Означает ли все это, что Радищев «ощущал» бога и, ощушая, «колебался» между деизмом и откровенной верой, «колебался и в вопросе провидения» и даже в борьбе между скептицизмом и атеизмом, с одной стороны, и мистическим масонством — с другой, «был на стороне масонства»? Хотя все это утверждалось {В. П. Семенников, «Радищев» — стр. 92.}, мы полагаем, что в период сочинения «Путешествия», т. е. в течение всех 80-х г.г., Радищев в общем и целом занимал позицию последовательно деизма, отклоняясь от нее лишь чисто внешне, т. е. подчиняясь теме и в интересах большей убедительности становясь на чуждую точку зрения. Что это было так, а не иначе, нам кажется, ясно из того, что в «Житии Ф. В. Ушакова», написанном в 1789 г., или, может быть, в конце 1788, совершенно не имеется намека на какие бы то ни было колебания. Напротив, в этом сочинении мы находим хотя и косвенное, но недвусмысленное утверждение, что идеи религии — ад, рай, сатана, бог — есть мечтательные порождения пытливого ума человеческого, вдавшегося в пределы невозможного и непонятного.
Что касается утверждения, что в борьбе между вольнодумством и масонством Радищев был на стороне последнего, оно нам кажется совершенно чудовищным. Дело в том, что не все масонство в России было определенно реакционным, а только его мистическое направление — розенкрейцерство, мартинизм. Именно это направление в лице Новикова, Шварца, Лопухина и др. боролось с проникавшими в Россию прогрессивными западными влияниями, главной чертой которых было религиозное вольнодумство.
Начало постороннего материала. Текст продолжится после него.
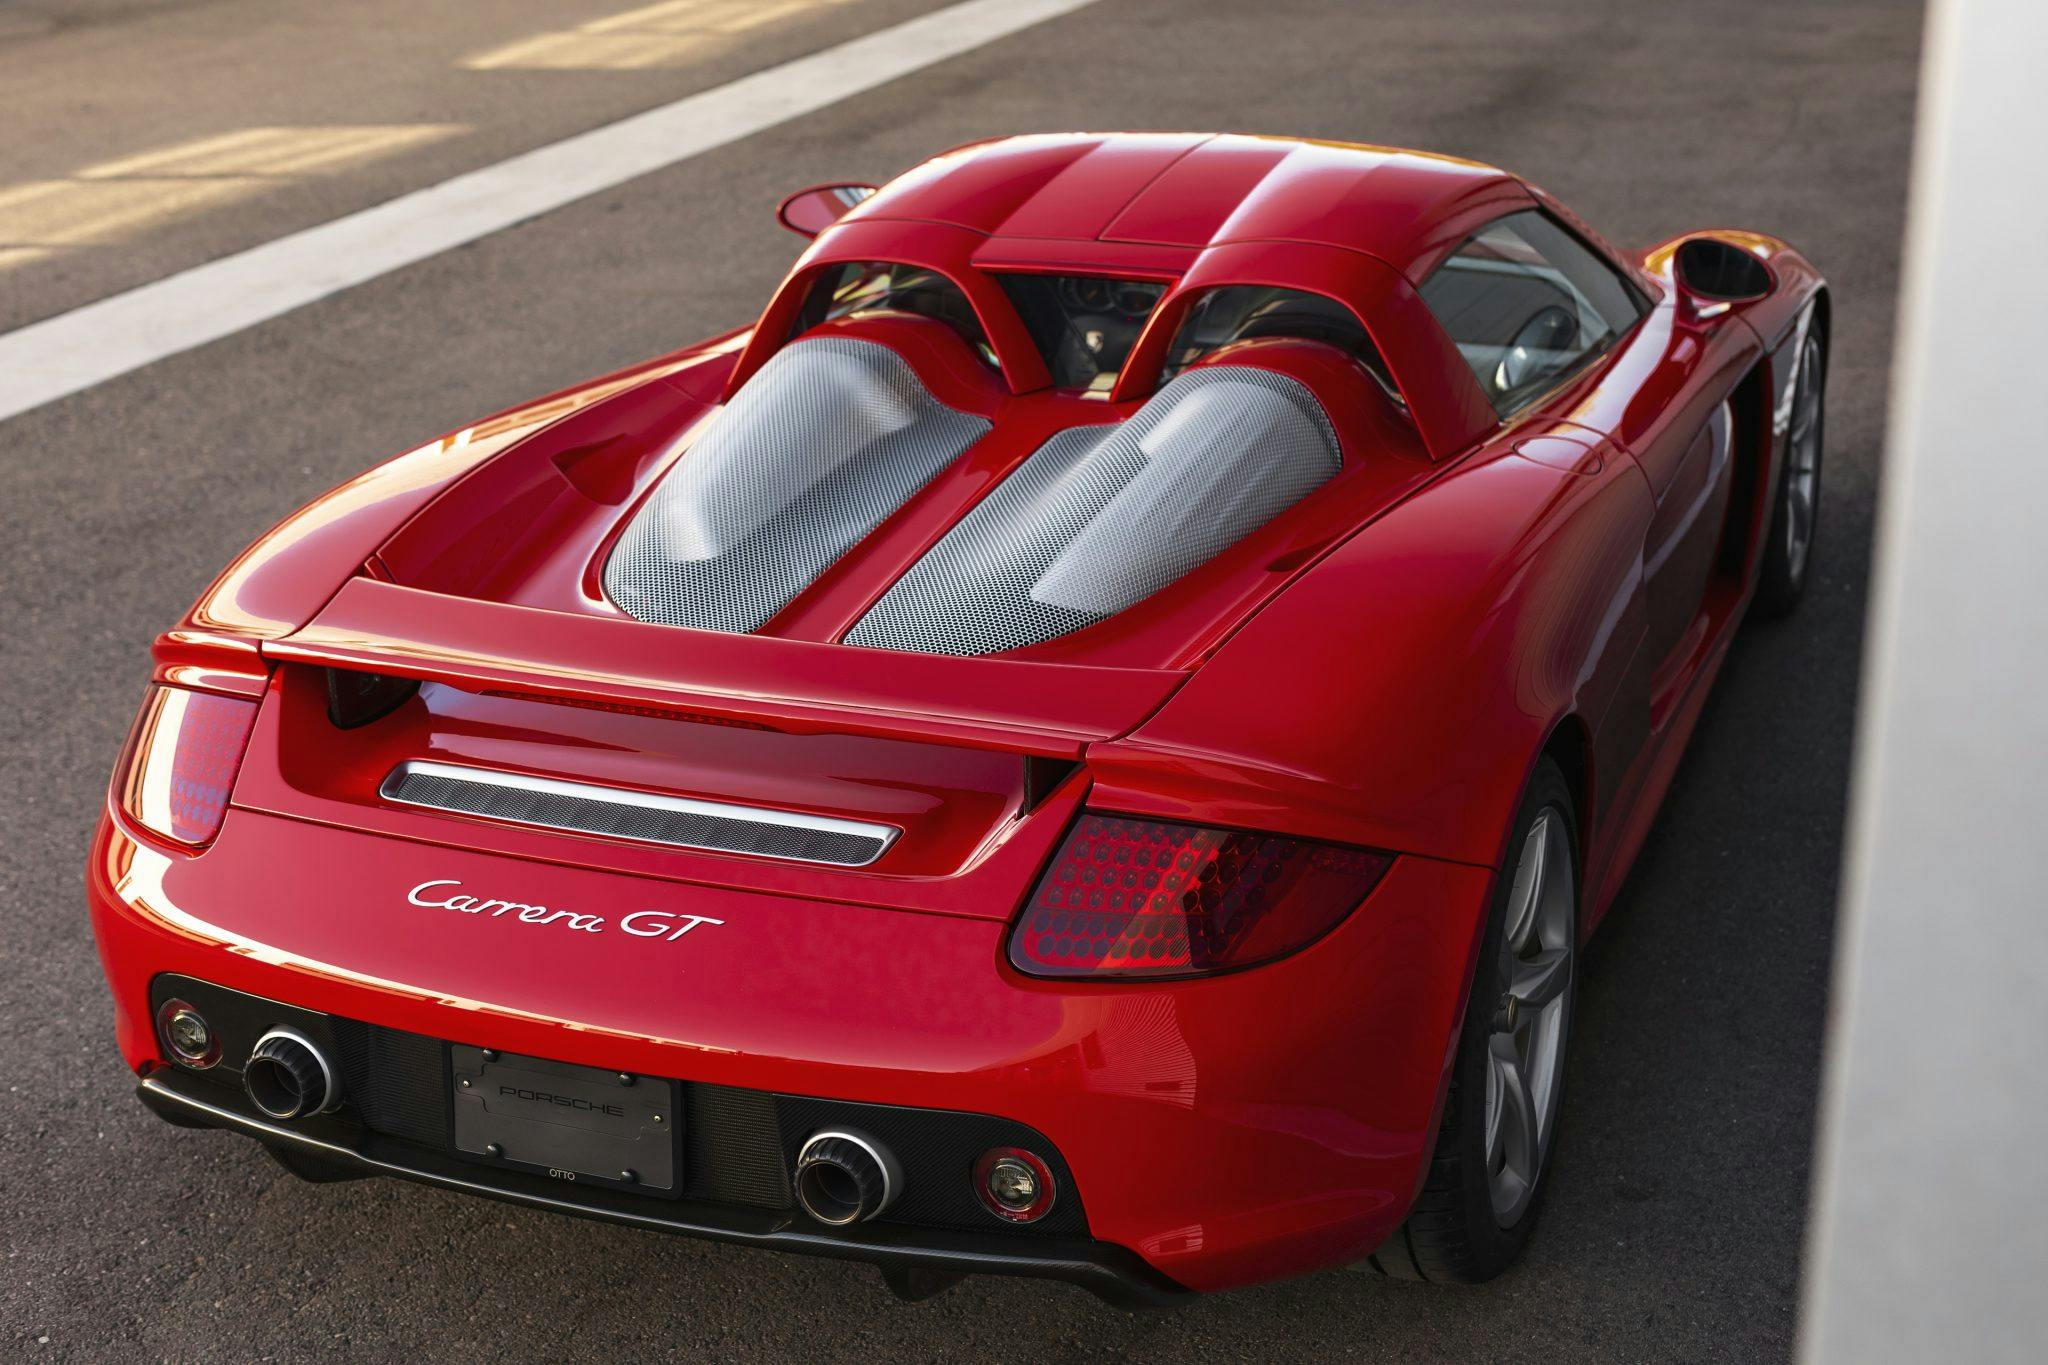 2005 Porsche Carrera GT supercar

И Радищев был именно на стороне вольнодумства против мистического масонства, как бы указано выше {Впрочем, сам В. Семенников говорит, что Радищев был масоном иллюминатского типа. Иллюминаты никогда не боролись с вольнодумством, наоборот, скептическое и атеистическое направление наряду с политическим радикализмом являются характернейшими их признаками. Даже допуская, что Радищев был масоном и масоном именно «иллюминатского типа», надо установить, что он иллюминатом не был. Вероятно, и вообще-то не было последователей немецкого иллюминатства. Русские люди XVIII в. обычно путали французское обозначение разных духовидцев и мистиков — illuminés с названием немецкого ордена. Эту путаницу допускал и Радищев. В иллюминатстве Радищева заподозрили кто-то из мартинистов. Но в принадлежности к иллюминатству без серьезных оснований мартинисты не раз заподазривали отдельных масонов, как кн. Репнин, например, или Нартов, которые проявляли известный политический радикализм или критическое отношение к основам розенкрейцерства. См. А. Н. Пыпин «Русское масонство», стр. 308—309.}. Свое несогласие с мартинистами во мнениях он подчеркивает и в посвящении «Путешествия» А. М. Кутузову и в отдельных выпадах против них. С другой же стороны мартинисты не только не считали его своим союзником, но и порицали его как за политический радикализм, так и за религиозное вольнодумство.
Радищев после 1790 года
«Путешествие из Петербурга в Москву» — книга исключительно мятежная, и ее выход в свет (в июне 1790 г.) является одним из крупнейших политических событий в жизни России конца XVIII столетия. Наше восхищение перед виновником этого события должно быть тем больше, чем Радищев не только должен был преодолеть ряд технических препятствий к изданию своей книги, но и должен был учесть весьма серьезные опасения за свою личную судьбу. Пушкин и вслед за ним многие писавшие о Радищеве предполагали, что автор сам не понимал «всей тяжести своих безумных заблуждений». Но ряд смягчений в тексте «Путешествия», сделанных с явной целью обойти цензуру, затем имеющееся в неопубликованном варианте книги предположение о возможности ареста и, наконец, сокрытие авторства от сочувствовавшего отчасти его взглядам гр. А. Р. Воронцова, его ближайшего начальника, — все это показывает, что опасность не была от него скрыта. В качестве предупредительных мер он не выставил на книге своего имени, напечатал ее в домашней типографии, т. е. в некотором роде тайно, посылал ее в цензуру не лично, а через доверенное лицо. Цензор разрешил книгу к печати, не читая. Обнаружив это, Радищев включил в текст много нового и усилил смягченные ранее места {См. произведенный П. Е. Щеголевым сравнительный обзор обоих текстов в отдельном изд. «Путешествия» под ред. Н. П. Сильванского и П. Е. Щеголева, вышедшем в 1905 г.}. Это — поступок, юридическая незаконность которого была ему ясна, но порицать за который его могли только охранители. Единственное, чего мог не учесть Радищев, идя на риск открытия его авторства, это, что императрица, относительно которой он питал еще некоторые иллюзии, посмотрит на его произведение, как на личное оскорбление, и что репрессия будет столь исключительно суровой.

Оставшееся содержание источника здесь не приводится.